In any case, when pushed, buttons may be felt as a field of emotions arising within you that, when left unattended, may lead you to react in ways that you may later regret. Sometimes the emotional reactions are so strong that we may feel that they fully control us. Our brains immediately try to find a cause for it on the outside, blaming whoever it thinks has caused such an emotional reaction. However, the truth is that buttons are there in you as a current part of your psyche, and people and situations simply push them, sometimes without even noticing. It is then your responsibility to be aware of them so that they do not control you anymore. Thus, since buttons point at a part of us that is currently taking away our own inner peace, they represent a huge opportunity for growth.
When you can stay calm and face the same situation again without feeling those emotional reactions, or at least having them so diminished that they do not force you to act in a certain way, then you have been able to transcend your trigger and you are one step ahead in your own growth, happiness and inner peace. Below is my advice to deal with buttons:
1 – Stay conscious when your buttons are being pushed: feel the emotions arising within you when your buttons are being pushed. Denying the trigger and its emotions is going against the present moment and can lead to emotional repression, which can make them accumulate in the long term and give more energy to your triggers, so it is important to acknowledge it so that you can liberate its energy and grow in the process.
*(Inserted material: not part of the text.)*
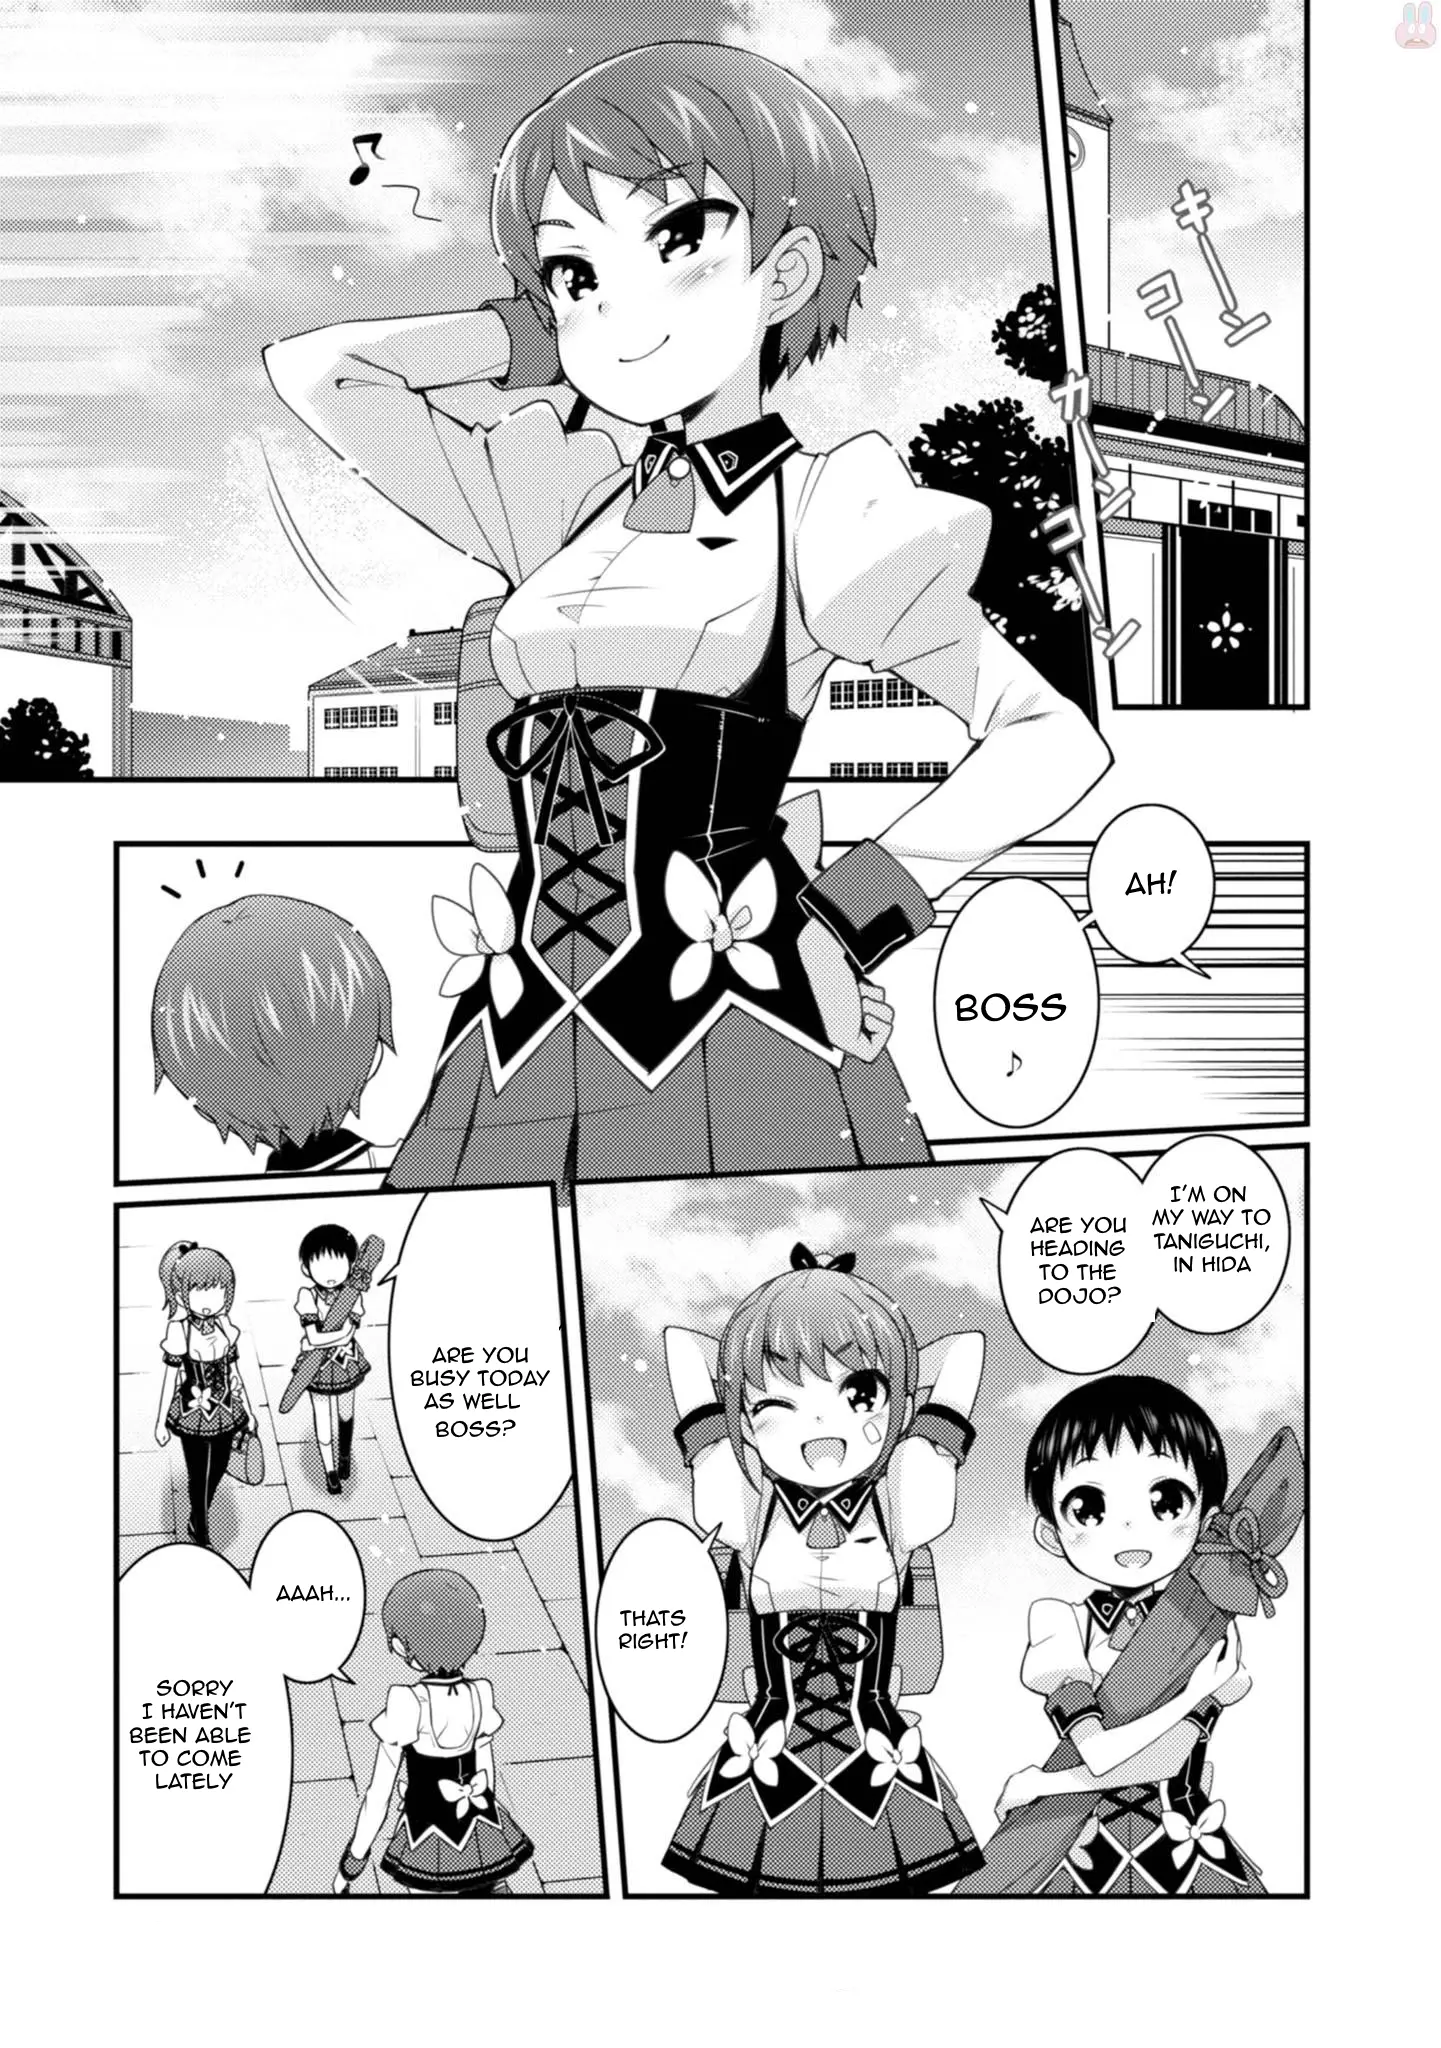 Sakura Nadeshiko - 11 page 1-19a92d90

This may require a certain level of consciousness, but with practice, it can be mastered. I recommend to not just feel the emotion, but also your inner space, your energy that gives you life, so that you can more easily dissociate from the trigger and give it less energy which is provided by thoughts.
2 - Pay attention to any thoughts that arise when a button is triggered: What concepts or situations from your past are you attaching yourself to? These thoughts give you clues to what it is really that is bothering you so that you can transcend it.
3 - Explore these thoughts: once you have some free time, you can inquire about the truth behind them. Where did you learn that concept? Is that concept you are attaching yourself to absolutely true? How does it make you feel when reality goes against that concept? Is it really worth it to lose your peace of mind to that concept? Who would you be without that part of your ego? If you do this consciously, you will definitely find out that there is no concept worth losing your own inner peace to, as we are at our core beings of peace.
4 – Make a plan: How will you respond next time that your button is triggered, in case it happens? What mental process will you use that will take you out of there quicker? What will you do?
In my experience, step 1 is the most fundamental one. If you understand that there is no concept that can really define us, and that the ego is simply striving to get a hold of you and to be honored its identity, forcing its illusion of separation through such concepts, then the process will become a lot easier. In this state of mind, simply recognizing your trigger in the moment, and seeing through it by feeling it while also feeling your own inner body, You will create enough space between yourself and the trigger so that it will not control you anymore. You can then respond consciously, and you will love how it feels to master yourself! Remember to breathe in the process and to quiet the mind as much as possible, which is easier when you are feeling yourself. Also, remember to enjoy the underlying stillness and peace that lies behind the trigger. That is our essence.
Try this process for a couple of weeks and you will see how one by one, your triggers are being overcome and how inner peace is a natural process where you will slowly return.